Work instructions —
Your response should be an exact transcription of the data, images excluded.

Collected data —
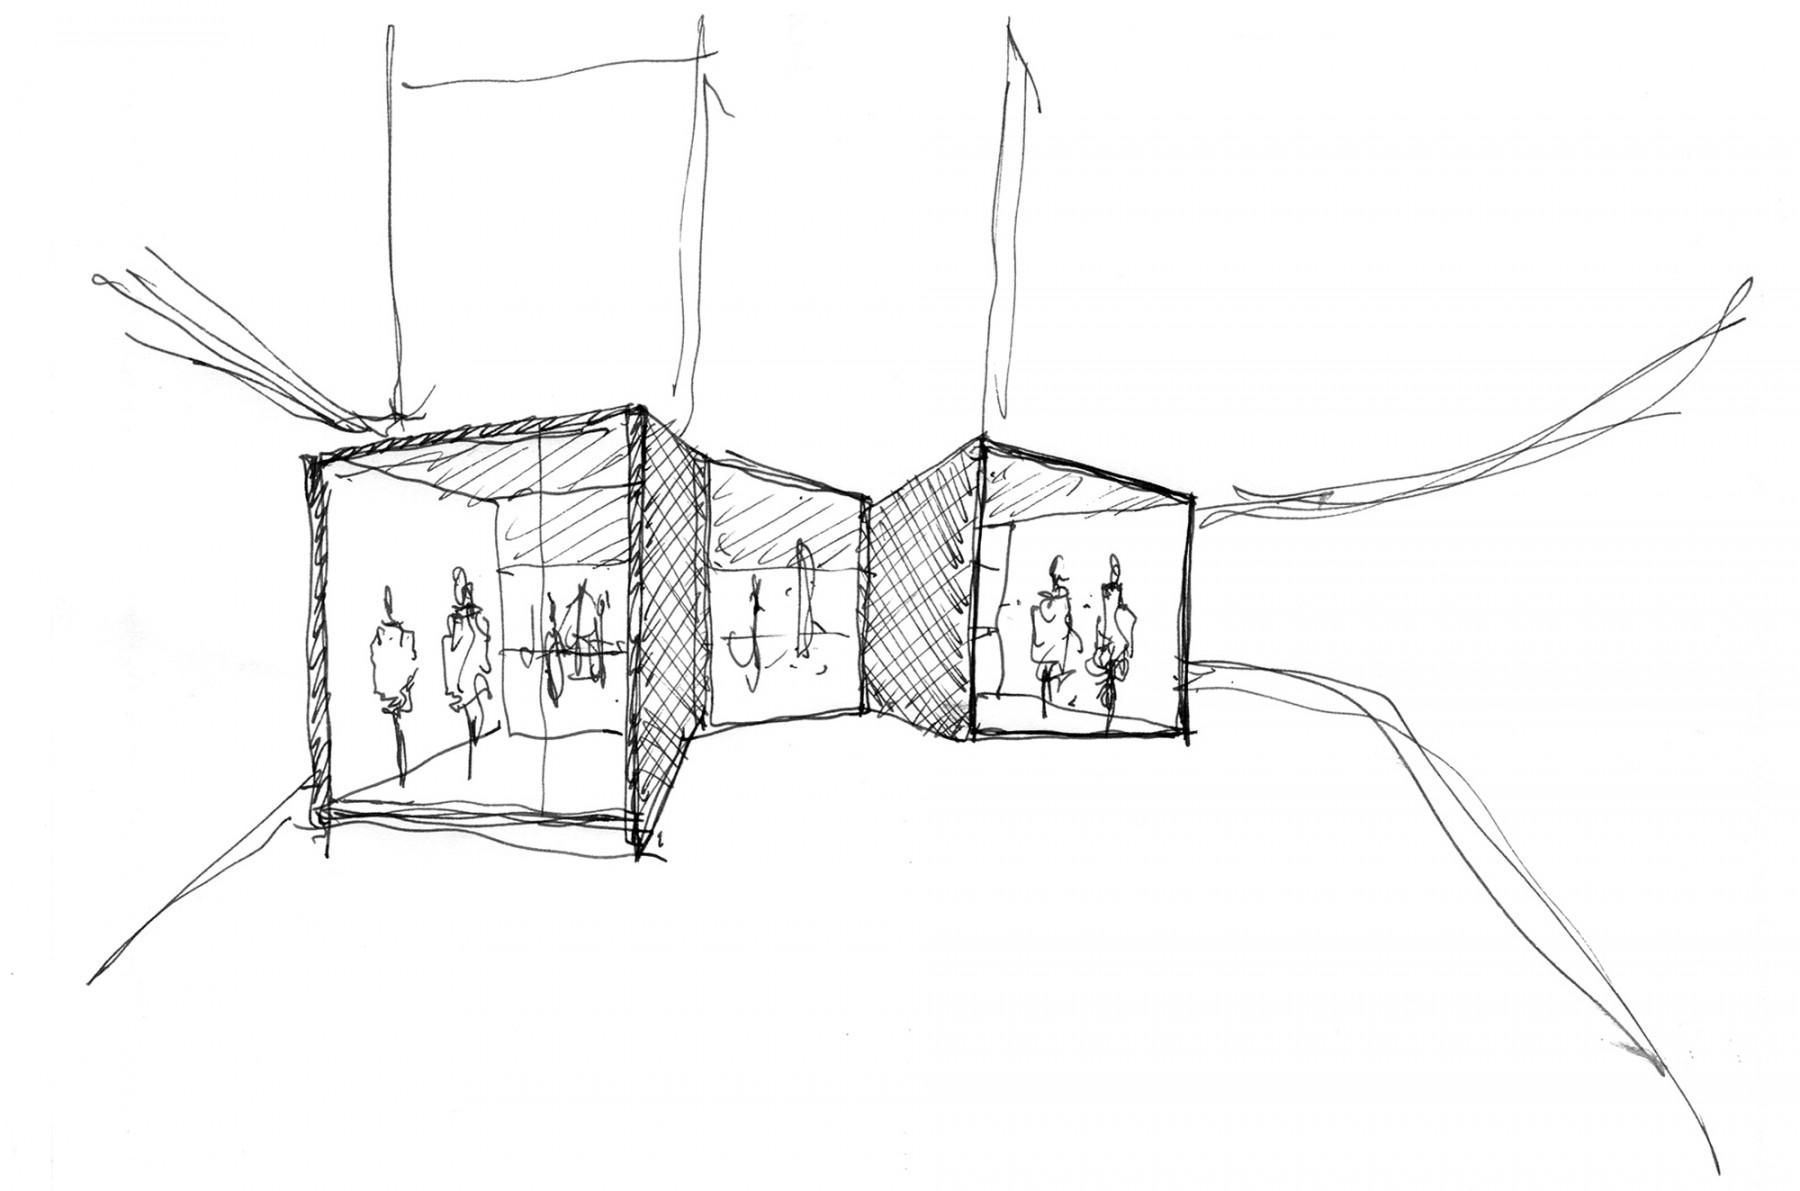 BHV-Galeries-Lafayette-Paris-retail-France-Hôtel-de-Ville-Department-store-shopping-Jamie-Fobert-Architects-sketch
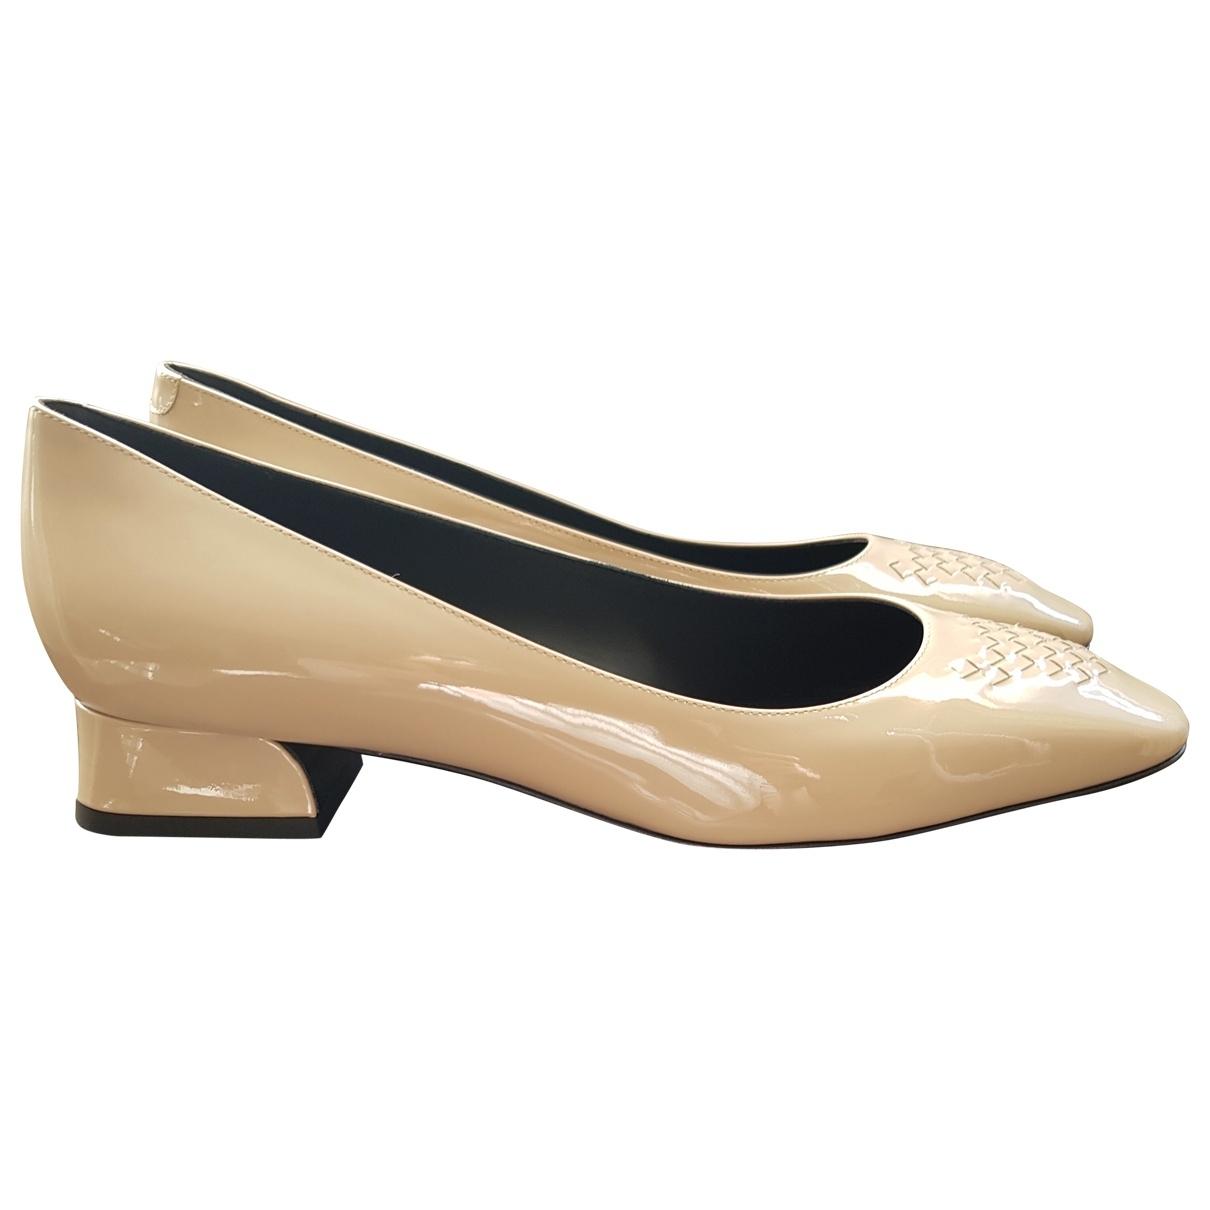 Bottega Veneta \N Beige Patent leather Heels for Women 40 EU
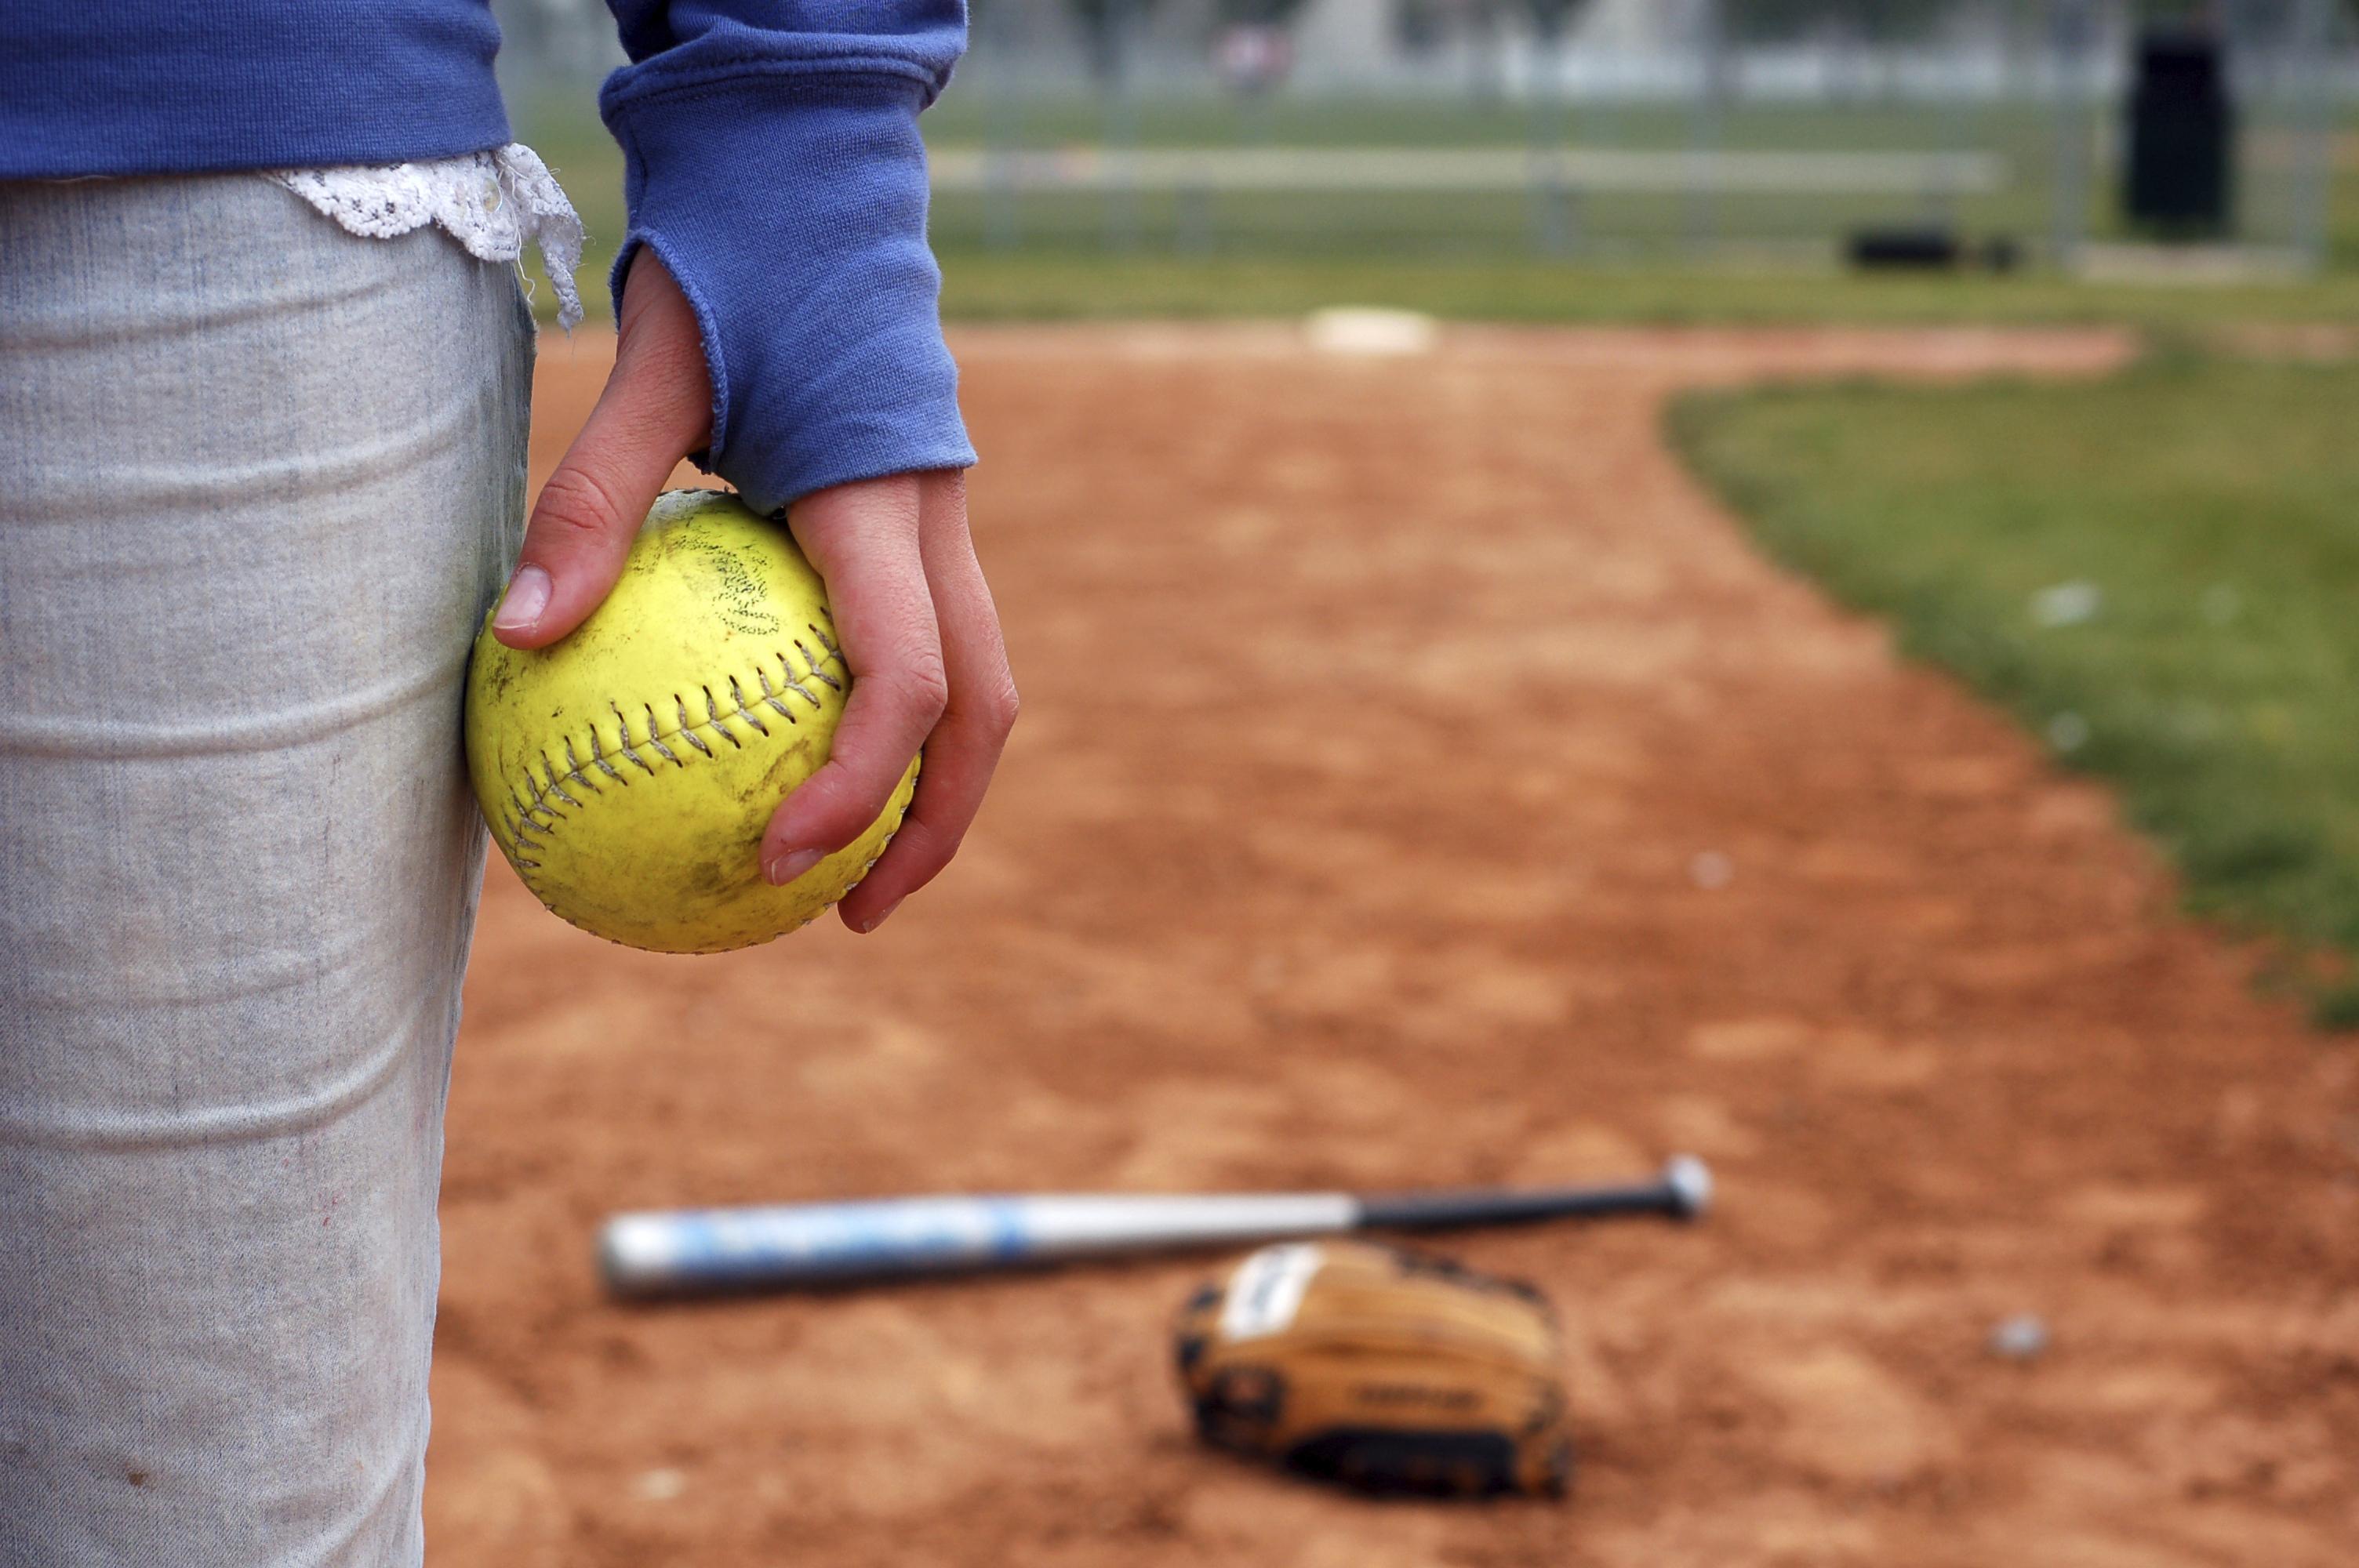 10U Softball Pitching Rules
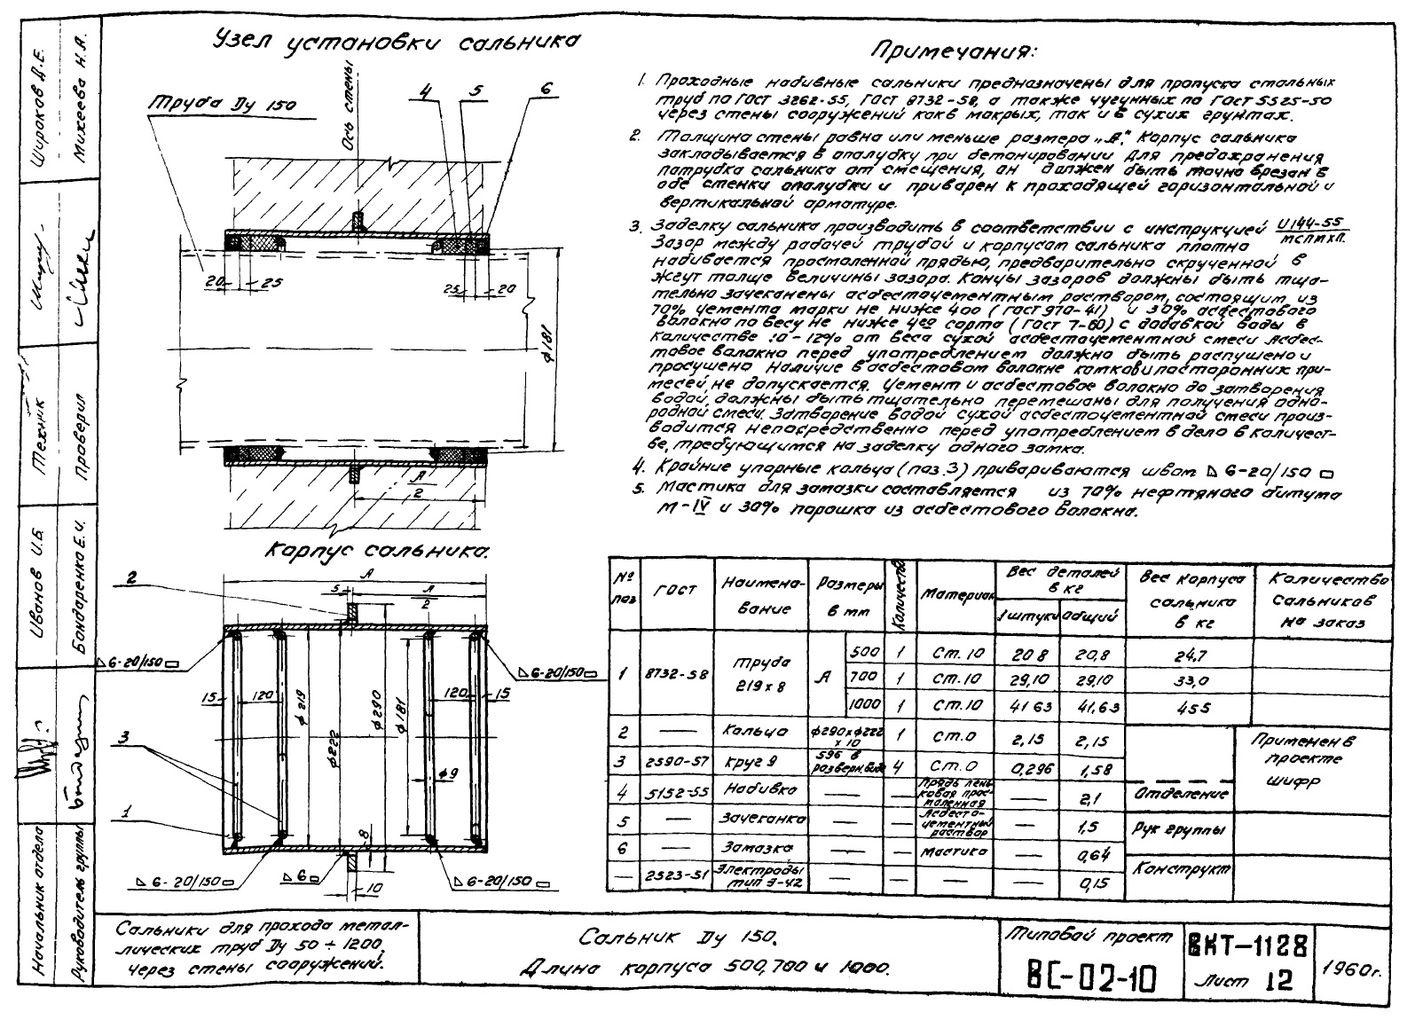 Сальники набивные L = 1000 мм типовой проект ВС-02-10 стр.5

Task output —
 BHV-Galeries-Lafayette-Paris-retail-France-Hôtel-de-Ville-Department-store-shopping-Jamie-Fobert-Architects-sketch
 Bottega Veneta \N Beige Patent leather Heels for Women 40 EU
 10U Softball Pitching Rules
 Сальники набивные L = 1000 мм типовой проект ВС-02-10 стр.5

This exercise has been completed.